Она ушла медленно, как будто утомившись. Он подождал минут десять и только тогда вернулся на свою террасу, когда отсутствие всякого шума или зова убедило его в том, что она благополучно добралась до своей комнаты. Вернувшись домой, он был печален и чувствовал себя разбитым. Ни о чем не думая, ничего не желая, он бросился на постель и заснул глубоким сном.
Она же, сходя по маленькой лесенке с террасы в столовую, чувствовала себя потрясенною только что пережитыми волнениями. Ею овладела необыкновенная слабость. Еле двигаясь по темным комнатам, она утратила всякое представление о времени и пространстве, не боялась быть застигнутой врасплох, не ощущала ничего. Но в гостиной, примыкавшей к спальне, ее ожидало зрелище, вернувшее ей отчетливость мысли и повергнувшее ее в неописуемый ужас. Из полуотворенной двери виднелся свет. В их комнате горела свеча. Лаура не спала. Лаура видела ее пустую постель и ждала ее с зажженною свечей!

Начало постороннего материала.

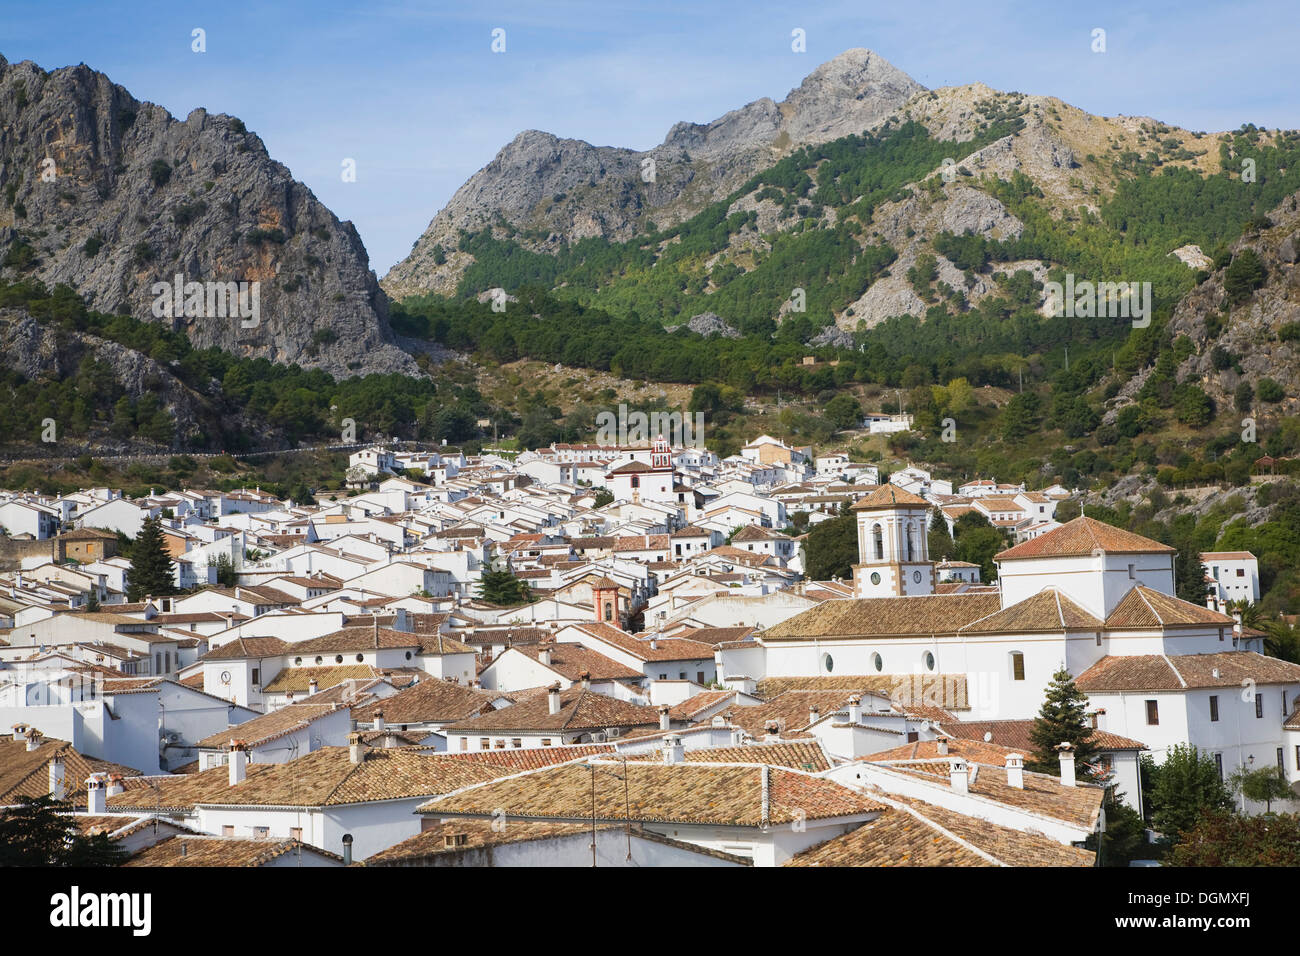 Pueblo de Grazalema en espectaculares montañas de piedra caliza, Sierra de Grazalema, Cádiz, Andalucía Foto de stock

Прошла минута, а она стояла все также окаменев посреди гостиной, пораженная светом. Голова у нее кружилась, в ушах звенело…

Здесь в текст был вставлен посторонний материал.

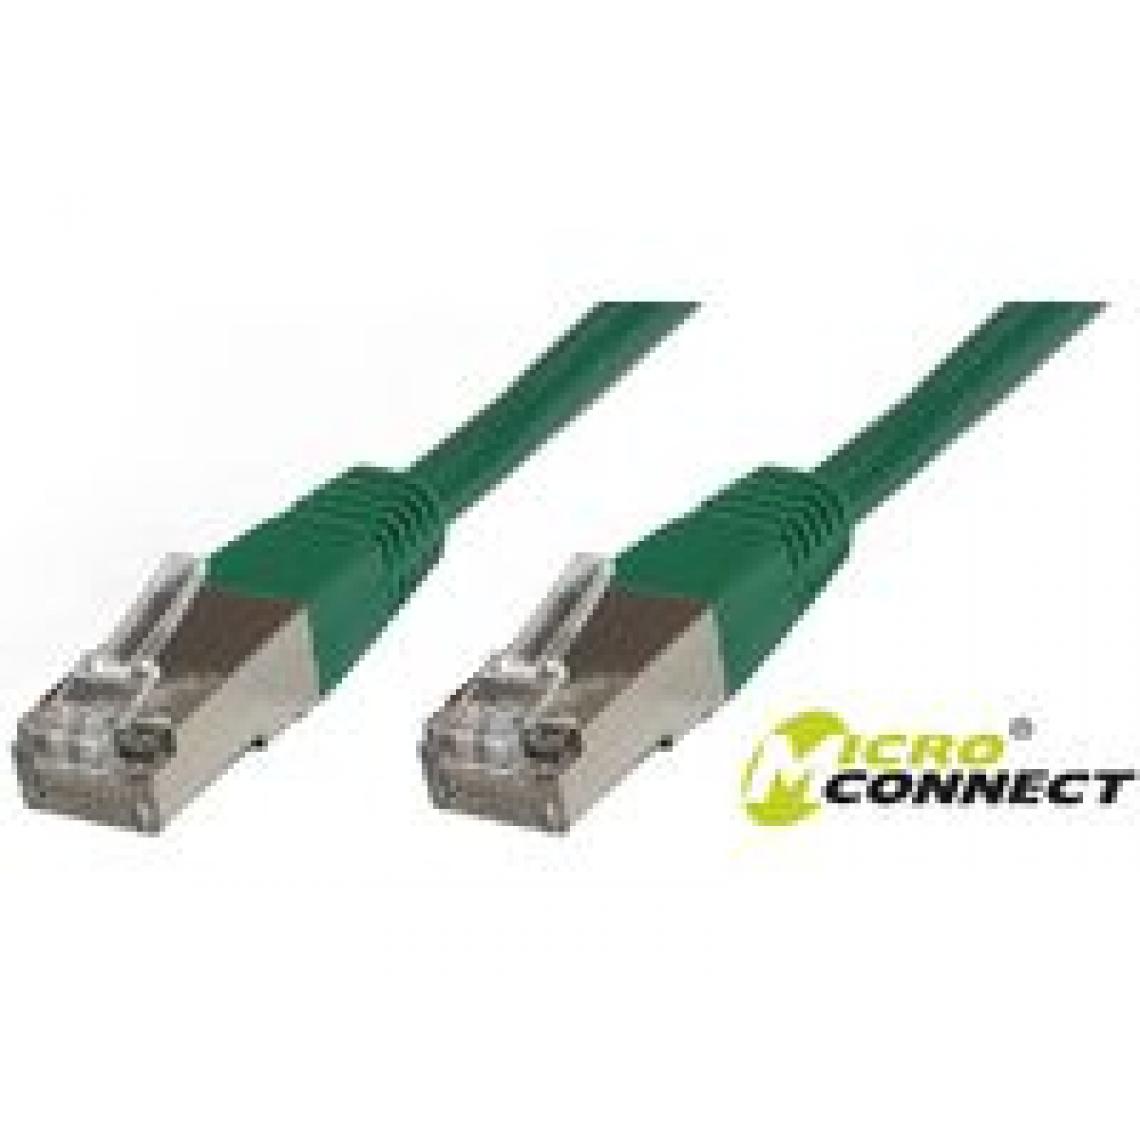 Disney Montres - Microconnect stp620g 20 m CAT6 F/UTP (FTP) Vert – Câble de réseau (RJ-45, RJ-45, Mâle/Mâle, Cat6, F/UTP (FTP), vert) - Câble antenne

— Господи, если б умереть… — подумала она.
Кто знает, сколько времени прошло таким образом. Она сначала надеялась, что Лаура поищет ее, потом ляжет и задует свечу. Она желала мрака, чтобы не краснеть перед сестрой. Но вдруг послышался шорох поворачиваемого листа: Лаура читала! Она спокойно читала, пока сестра ее отдавала свою участь в руки чужого человека! Может быть, она ничего не подозревает, и тогда лучше прямо войти, как ни в чем не бывало?! И вдруг, со всею порывистостью своего характера Анна толкнула дверь и очутилась перед Лаурой. Белокурая красавица сидела на постели с книгой на коленях. Когда к ней подошла сестра в черном платке, висевшем вдоль белого платья, растрепанная, бледная, — Лаура взглянула на нее с таким пренебрежением, такая ироническая и презрительная улыбка скривила ее прекрасные губки, что бедная Анна, дрожа как лист, упала среди комнаты на колени и, громко рыдая, простонала:
— Прости меня, ради Бога, Лаура!
Но Лаура молча отвернула свое спокойное и ясное личико, не изменяя его выражения, как будто вся грязь человеческой любви была бессильна запятнать ее белоснежную душу.
Занималась заря. Анна еще рыдала, склонившись на своей постели, ее сестра, спокойно положив белокурую головку на подушку, безмятежно спала с выражением ледяной невозмутимости на лице.
II
Вот что было в письме: ‘Дорогая моя любовь! Я тоже говорила с Чезаре Диасом. Что это за человек! Я застываю от одного его присутствия, немею от одного взгляда его голубых глаз, молчание его меня пугает, а его голос бьет меня по нервам, причиняя боль. Тем не менее, я решилась заговорить с ним о нашем браке, как только он, по обыкновению, явился к нам сегодня утром. Я храбро попросила его выслушать меня, хотя в последние дни к его леденящей опекунской любезности прибавился оттенок насмешки и презрения. Лаура сидела тут же, молча, с рассеянным видом, и слегка пожала плечами, презрительно и беспечно. Она тихо встала и удалилась своею обычною походкою, как будто едва касаясь земли. Чезаре Диас сидел в кресле, играя костяным ножом, и улыбался, на меня не глядя, но эта улыбка путала мне мысли. Однако, надо было попытаться. Я обещала это тебе, мой возлюбленный, и себе самой, к тому же я чувствовала, что не в состоянии жить вместе с сестрою, узнавшей мою тайну и мучившей меня своими улыбками, которые доказывали, что она не любила никогда. Я дрожала от стыда и страха при мысли, что она может меня выдать одним словом. Чезаре Диас улыбался, как бы и не подозревая, о чем я желаю говорить. И что же? Несмотря на мое смущение, на мою нелюбовь к нему, на то что между мною и им — целая пропасть, я осмелилась сказать ему, что обожаю тебя, что хочу жить и умереть с тобою, что моего состояния хватит на нас обоих, что кроме тебя я ни за кого не выйду, словом — почтительно и покорно, как у ближайшего родственника и мудрейшего друга, я просила у него согласия на наш брак.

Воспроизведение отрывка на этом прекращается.